- Born: November 15, 1904 Aleppo, Syria
- Died: February 27, 1961 (aged 56) Salesian Church, Aleppo, Syria

= Matilde Salem =

Matilde Salem, ASC (November 15, 1904 – February 27, 1961, Aleppo, Syria) was a Syrian Salesian cooperator, community leader, and Catholic Laywoman. She was proclaimed a Servant of God by the Archbishop of the Melkite Greek Catholic Archeparchy of Aleppo, Isidore Fattal.

==Life and Marriage==
Matilde Salem, née Chelhot, was born in Aleppo, Syria on November 15, 1904 to a wealthy family. She studied in a convent belonging to the Armenian Sisters of the Immaculate Conception, from which she developed intense internal prayer life. At the age of 18, she was wed to one Georges Elias Salem, a successful young businessman, on August 15, 1922. Georges was a very austere, strict, possessive, and authoritarian man, in which Matilde would have to try very hard to calm down at times. He was nonetheless kind to Matilde. They soon discovered that they would not have children of their own. Later on, Georges became ill with type 2 diabetes, which he would soon succumb to on October 26, 1944. They were married for 22 years.

==School and the Georges Salem Foundation==
Before Georges' death, Matilde and her husband, advised by Bishop Isidoro Fattal, The Greco-Catholic Metropolitan of Aleppo, had thought of opening a technical school that would educate future Christian workers. It was after her husband's death that Matilde discovered that her true vocation was to "give herself to her neighbor with the greatest love."

In accordance with Georges' will, she spearheaded the project and founding of the 'George Salem Foundation', in which she became its first acting president. Matilde planned to set up the technical school as per advice Archbishop Fattal, which was to be run in part by the Marist Brothers. But, less than a year in, they left Aleppo, subsequently abandoning the school, partly due to the conclusion of the promulgation of the 'French Mandate' which joined the states of Aleppo and Damascus to create the State of Syria. She once again turned to the Archbishop, in which he suggested they leave for Turin and request the then Rector Major of the Salesians, Pedro Ricaldone, to supply the school with teachers and spiritual guidance.
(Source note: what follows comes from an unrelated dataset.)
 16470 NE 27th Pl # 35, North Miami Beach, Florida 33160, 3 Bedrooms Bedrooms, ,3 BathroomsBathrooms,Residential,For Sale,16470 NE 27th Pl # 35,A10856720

The school finally opened its doors in 1948, amidst the then ravenous Israeli-Palestinian war. Soon, both the school and institute were met by refugees from the neighboring countries. Known as the 'Mother Margaret of Aleppo', in reference to the Venerable Mother Margaret Occhiena, she met them with kindness- sheltering, comforting, consoling, and feeding them.

==Death==
On Pentecost Monday, May 26, 1958, she suffered from a hemorrhage while working in her garden. Her gynecologist said that it was due to a tumor. She was to be operated in Paris, but the disease grew so ravenous that the surgery had to take place in the US to undergo cobalt radiation to treat the malignant proliferation of which was then diagnosed as cancer. In response to this diagnosis, she simply replied: "Thank you, my God."
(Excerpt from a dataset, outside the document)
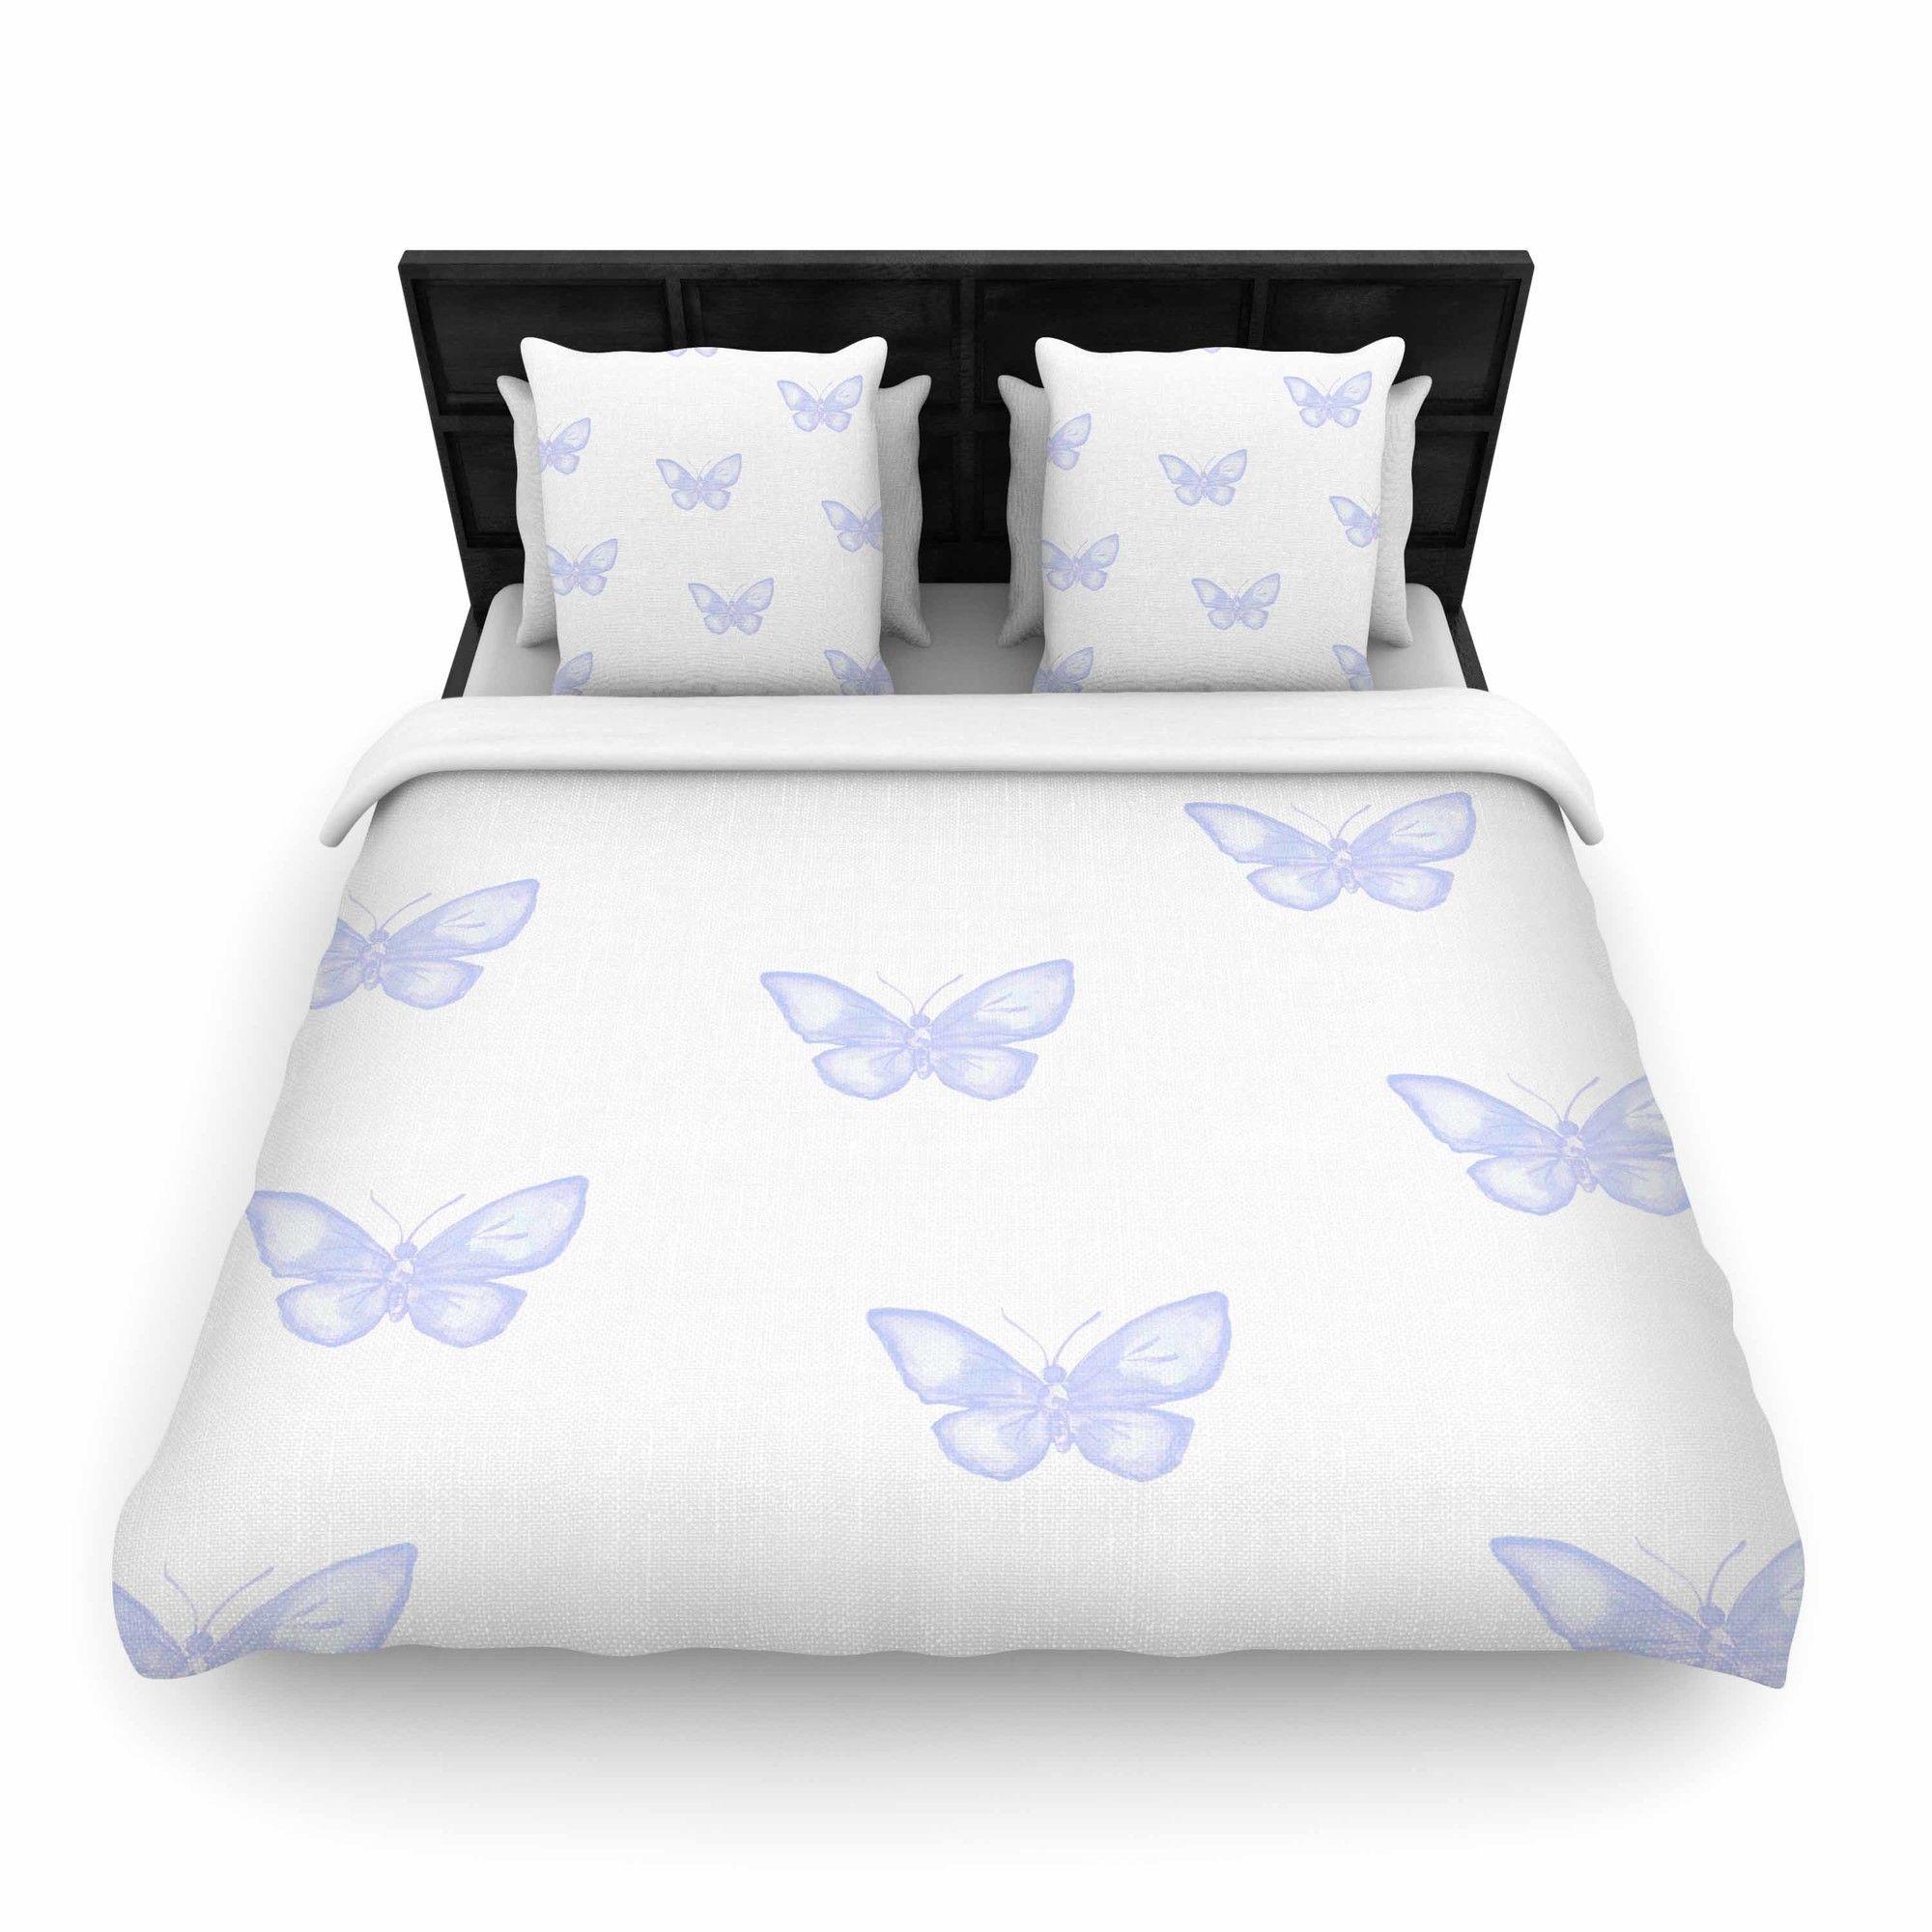 Many Lavender Butterflies Woven Duvet Cover

The treatment was initially considered a success, which allowed her to return to her home that very same year. In March 1960 however, while slowly returning to her regular life of active service, the cancerous malignancy returned. She then traveled to the famous Grotto of Our Lady of Lourdes in Lourdes, France. She returned to Aleppo and died on February 7, 1961, aged 56. She was buried alongside her husband, Georges, and was interred into the Salesian Church there. Archbishop Fattal presided over the requiem, in which he referred to her as 'Santa Matilde'.

==Beatification==
The diocesan process for her possible beatification started on October 20, 1995. Fr. Abbud Gharghour was assigned as the postulator for the beatification process.